Effective performance tuning and engine maintenance in AWS Glue and Amazon EMR are crucial for ensuring reliable ETL job execution. Key strategies include diagnosing out-of-memory errors through CloudWatch logs, selecting appropriate worker types for compute resources, and optimizing data layout using columnar formats like Parquet. Implementing auto-scaling and managing partition sizes can significantly enhance performance. Additionally, maintaining consistent outcomes requires ongoing monitoring, capacity planning, and the use of job bookmarks for incremental processing. These practices collectively ensure that data pipelines deliver accurate and timely results while minimizing operational issues.

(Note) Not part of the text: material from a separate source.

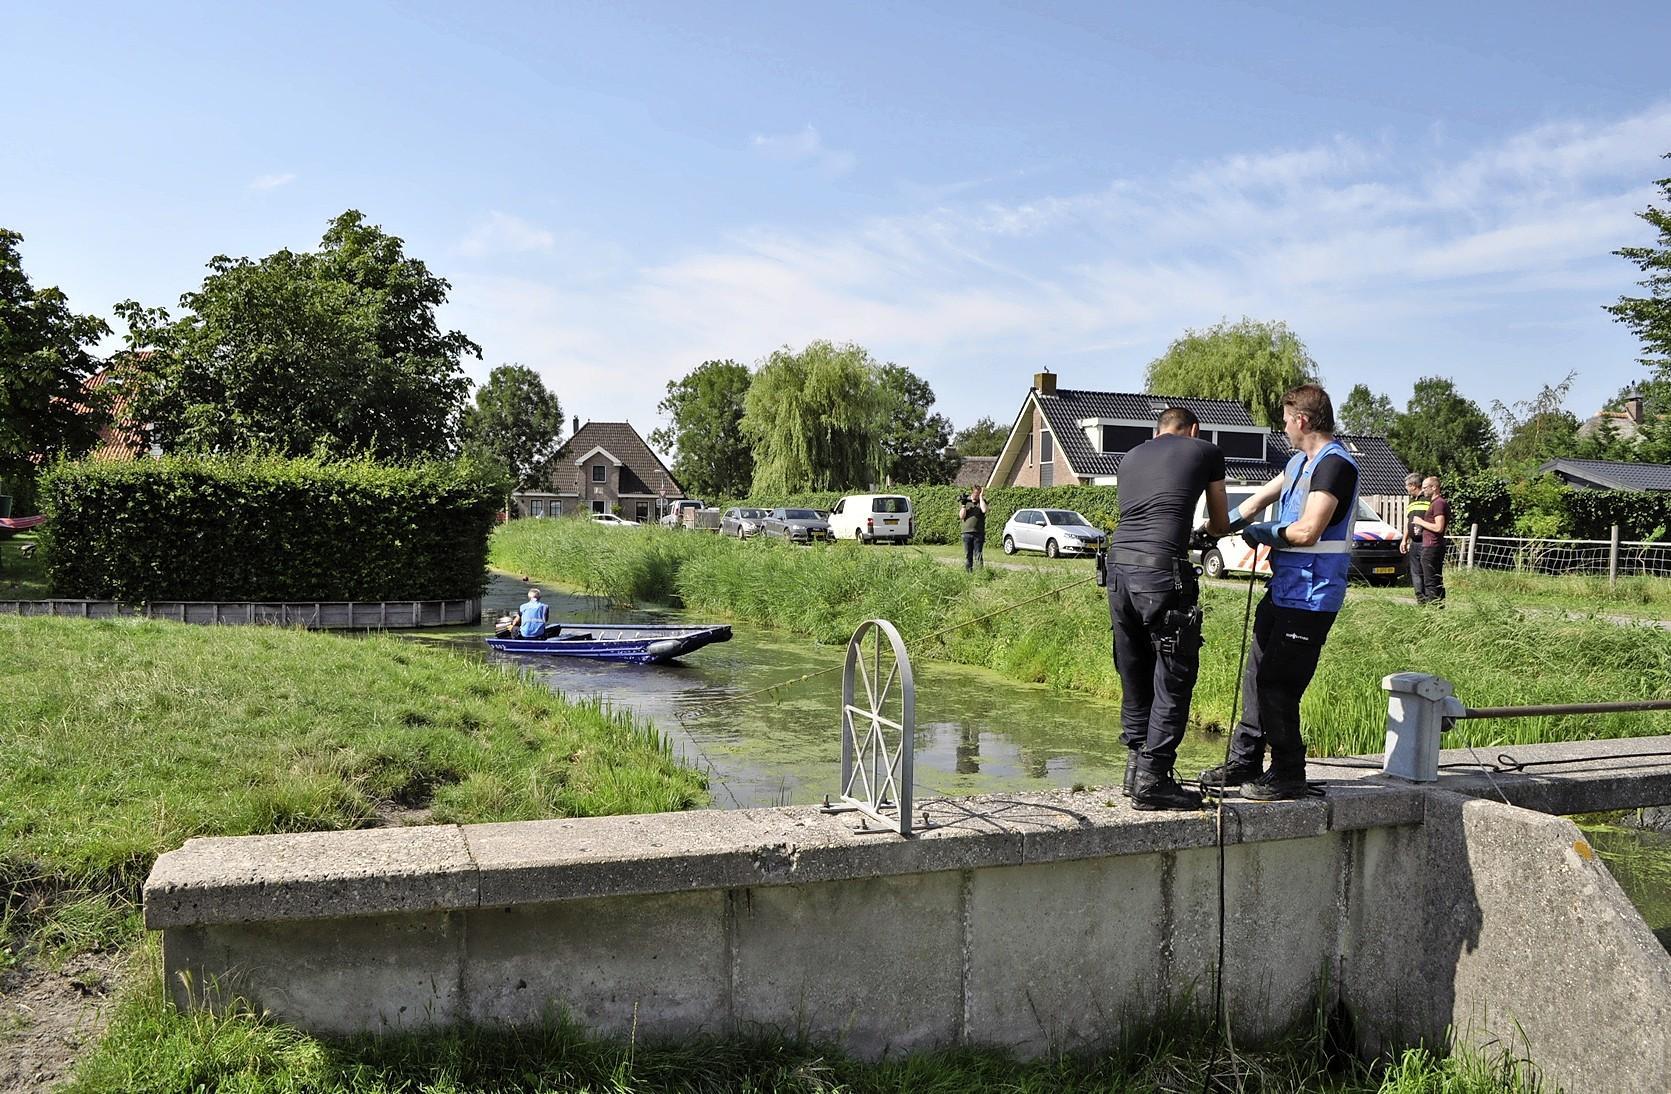 Verdachte uit Medemblik in zaak Dimitri langer vast

When your CloudWatch alarms fire because an ETL job has failed, the real work begins. For the AWS Certified Data Engineer – Associate exam, knowing how to observe a pipeline is only half the battle. You must also act on what you observe. This lesson puts you in a troubleshooting mindset, where alerts become diagnostic starting points, and tuning decisions determine whether pipelines deliver repeatable business outcomes. The scope covers three pillars that the exam tests directly:

  • Diagnosing failures from Apache Spark logs.

  • Tuning AWS Glue and Amazon EMR compute resources.

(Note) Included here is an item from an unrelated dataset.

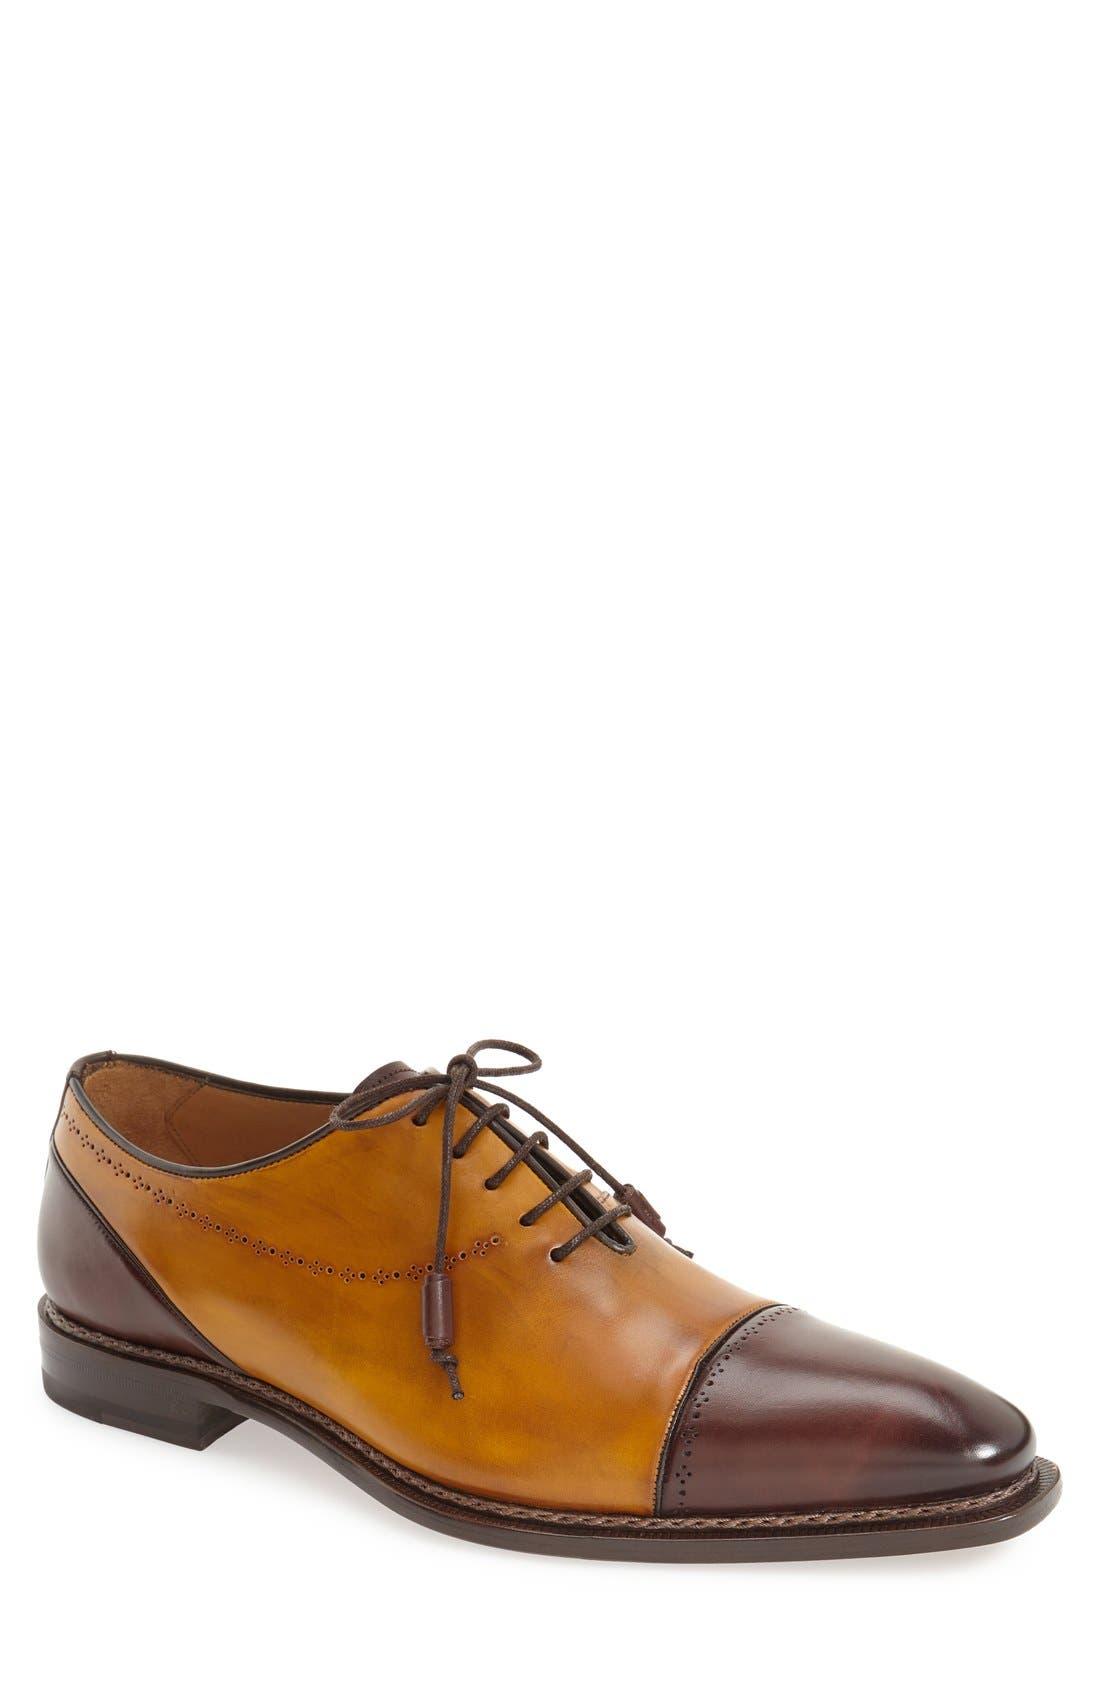 'Antico' Cap Toe Oxford,                         Main,                         color, 700

  • Applying data layout best practices.

Throughout the lesson, a single running use case ties everything together. An AWS Glue ETL job ingesting order data begins failing with out-of-memory errors visible in Spark driver logs under the /aws-glue/jobs/logs-v2 CloudWatch log group. The logging infrastructure and metric filters you built in the previous lesson now serve as the diagnostic foundation for every tuning action that follows.

Diagnosing Spark out-of-memory errors

AWS Glue ETL jobs execute on Apache Spark, and the single most common performance failure you will encounter, both in production and on the exam, is java.lang.OutOfMemoryError. Understanding where and why this error occurs is the first step toward resolution.

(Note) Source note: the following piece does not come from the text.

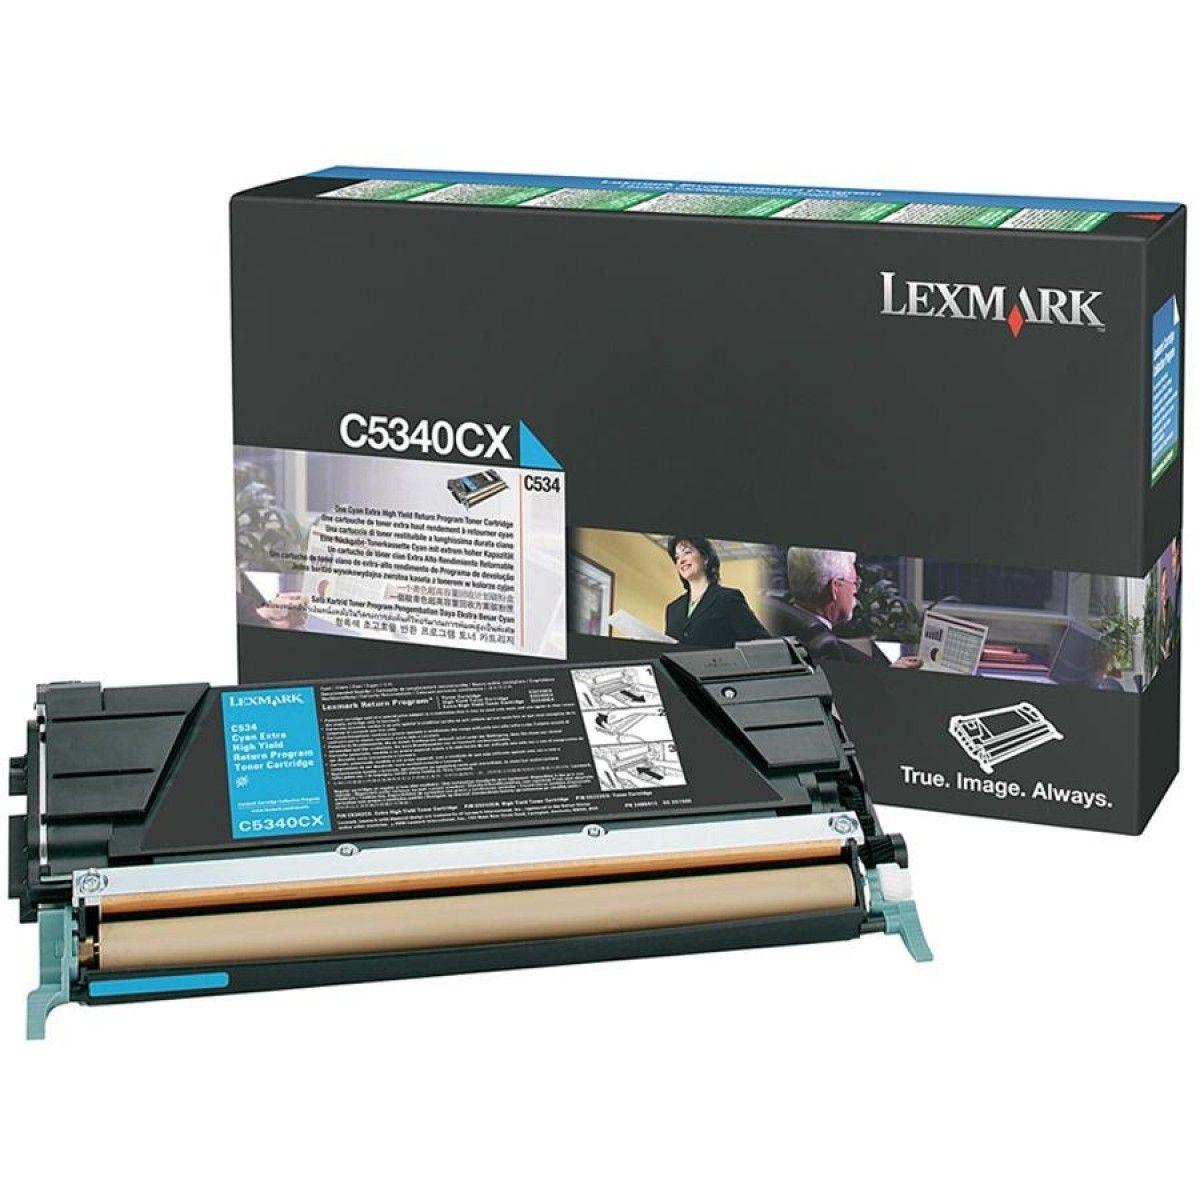 Toner Lexmark C534 Ciano - C5340CX

Locating OOM errors in CloudWatch Logs

When a Glue job run fails, Spark writes detailed logs to the CloudWatch log group /aws-glue/jobs/logs-v2. To find the root cause, open CloudWatch Logs Insights and query for java.lang.OutOfMemoryError or the message Container killed by YARN for exceeding memory limits. These two signatures point to fundamentally different problems:

  • Driver OOM: Occurs when too much data is collected to the driver node, typically caused by calling collect() on a large DataFrame or broadcasting an oversized variable. The driver is a single node, so no amount of horizontal scaling fixes this.

  • Executor OOM: Occurs when an individual Spark task processes a partition that exceeds the executor’s available heap memory. This is commonly caused by data skew, where one partition holds a disproportionate share of records, or by an undersized worker type. ...

Attention: The exam frequently presents scenarios where candidates must distinguish between driver OOM and executor OOM. If the question mentions collect() or broadcast joins, the answer involves driver-side fixes. If it mentions skewed partitions or shuffle spills, the answer involves executor memory or repartitioning.